I think its ridicilous their just ripping us off. They can mass produce,, its just they want to bank on it... I think prices will remain what FishAk said until 2012 thats for sure...Imagine the day they cost as much as todays hard drives with same space like 1TB for you movie porn mp3 leeches. I dont need that much personally..
This is honestly not the case. A fab costs billions of dollars, and there are only so many of them in the world... while the actual "cost of production" is low, but the cost of setting up a fab (which only has a few years worth of production before its completely obsolete) has to be divided amongst all the units it will produce. A fab that cost 6 billion dollars, will operate for 3 years, and produce X waffers a day, has to divide the 6 billion it cost between all the die it produces just to be able to cover equipment cost, then there is the cost of employees, design teams, day to day manufacturing, repairs, etc etc.

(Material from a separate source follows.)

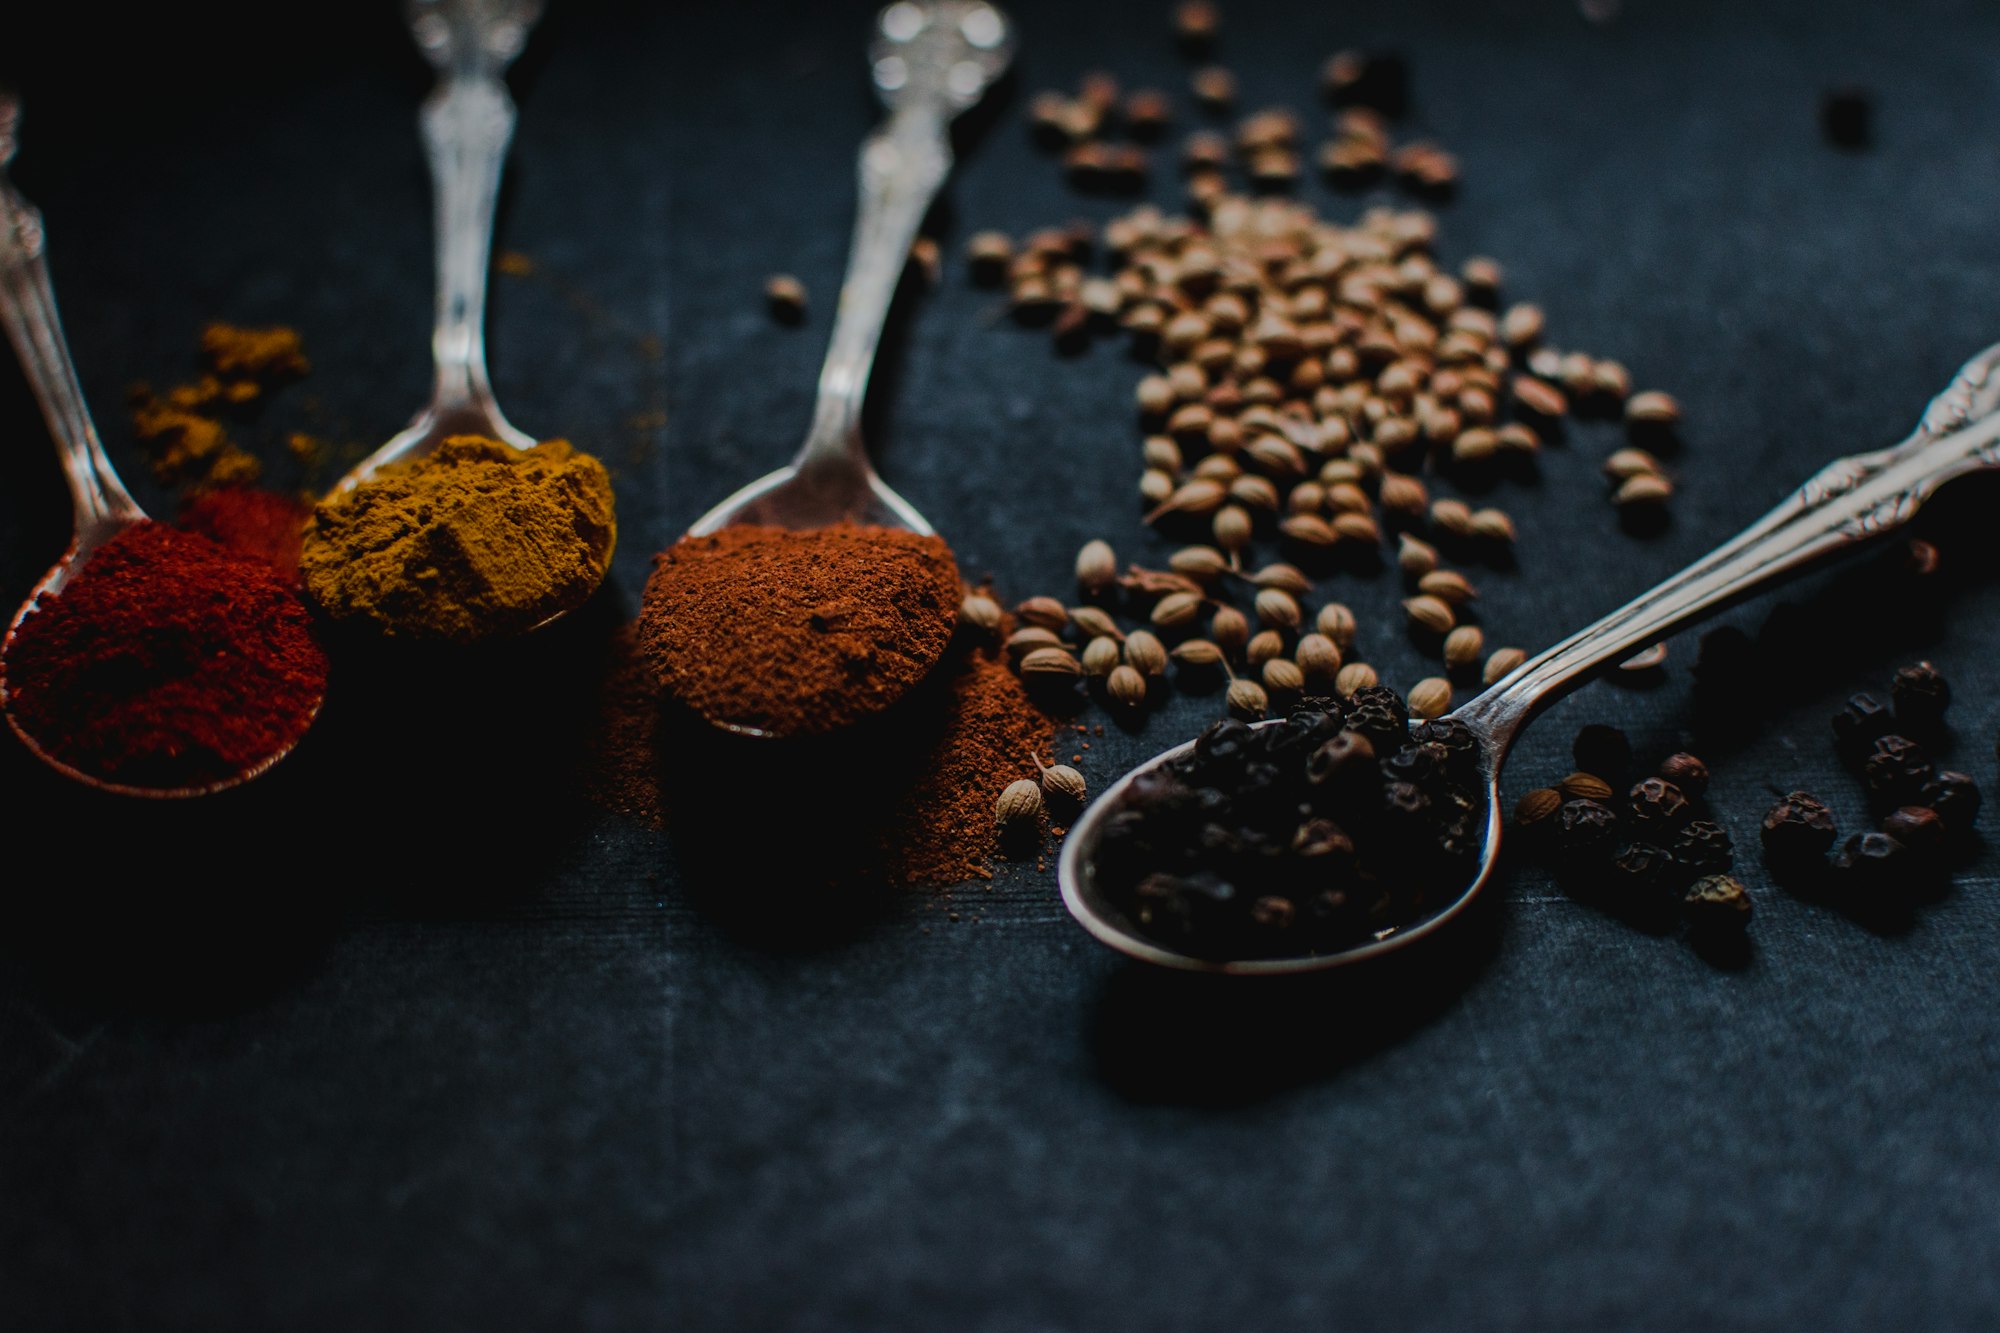 An assortment of some of the essential Indian spices. 
Turmeric is essentially known for its ancient medicinal uses and is predominantly used in almost all kinds of food preparation in India.

You can literally count how many such fabs exist (in the highest miniaturization level) in the entire world on one hand. And you have a LOT of demand for it, there are 6 billion people in the world and growing... so those few fabs have to supply enough for all of them (not all own SSDs, but a sizeable portion do, and those that don't... well, businesses running servers want those too... banks, email servers, etc etc... everyone wants them, cost is the only reason to use a spindle drive over an SSD).
The various companies are building new fabs at breakneck speeds, remember this is a VERY new technology (or rather, old tech that just got good enough to have mass market demand)... but we are not at saturation point yet.
Now... COULD they sell it for less and still cover their costs? yes, but then they will have less money to build extra fabs, AND you will NOT be able to find any in stock, at all. Besides which, why SHOULD they? they are still selling every single chip that comes out of those fabs, that means demand far outstrips production... they are not intentionally hampering production to keep it this way, but they are not giving away their chips for less then their actual market worth.
Now, intel DOES have a history of impeding tech to maximize returns... but remember that this market is not one with a monopoly. There are multiple companies out there that manufacture MLC chips and they are in brutal competition, if they were to try and impede production intentionally, it just means that their competitors will overtake them... what you describe only happens in a monopoly, or when there is collusion (illegal conspiracy to fix prices). Those things DO happen btw... the RAM cartel was when the only 5 companies in the world actually making ram chips were busted, in court, for conspiring to fix prices at very high price... then 10 years later busted for conspiring to sell BELOW COST (they were actually selling at a loss) in order to kill off a newcomer that threatened them (RAMBUS)...
mmm, I think I just shot my own argument in the foot with those two examples... since AFAIK we are talking about the exact same companies... err... I THINK they are not doing it again?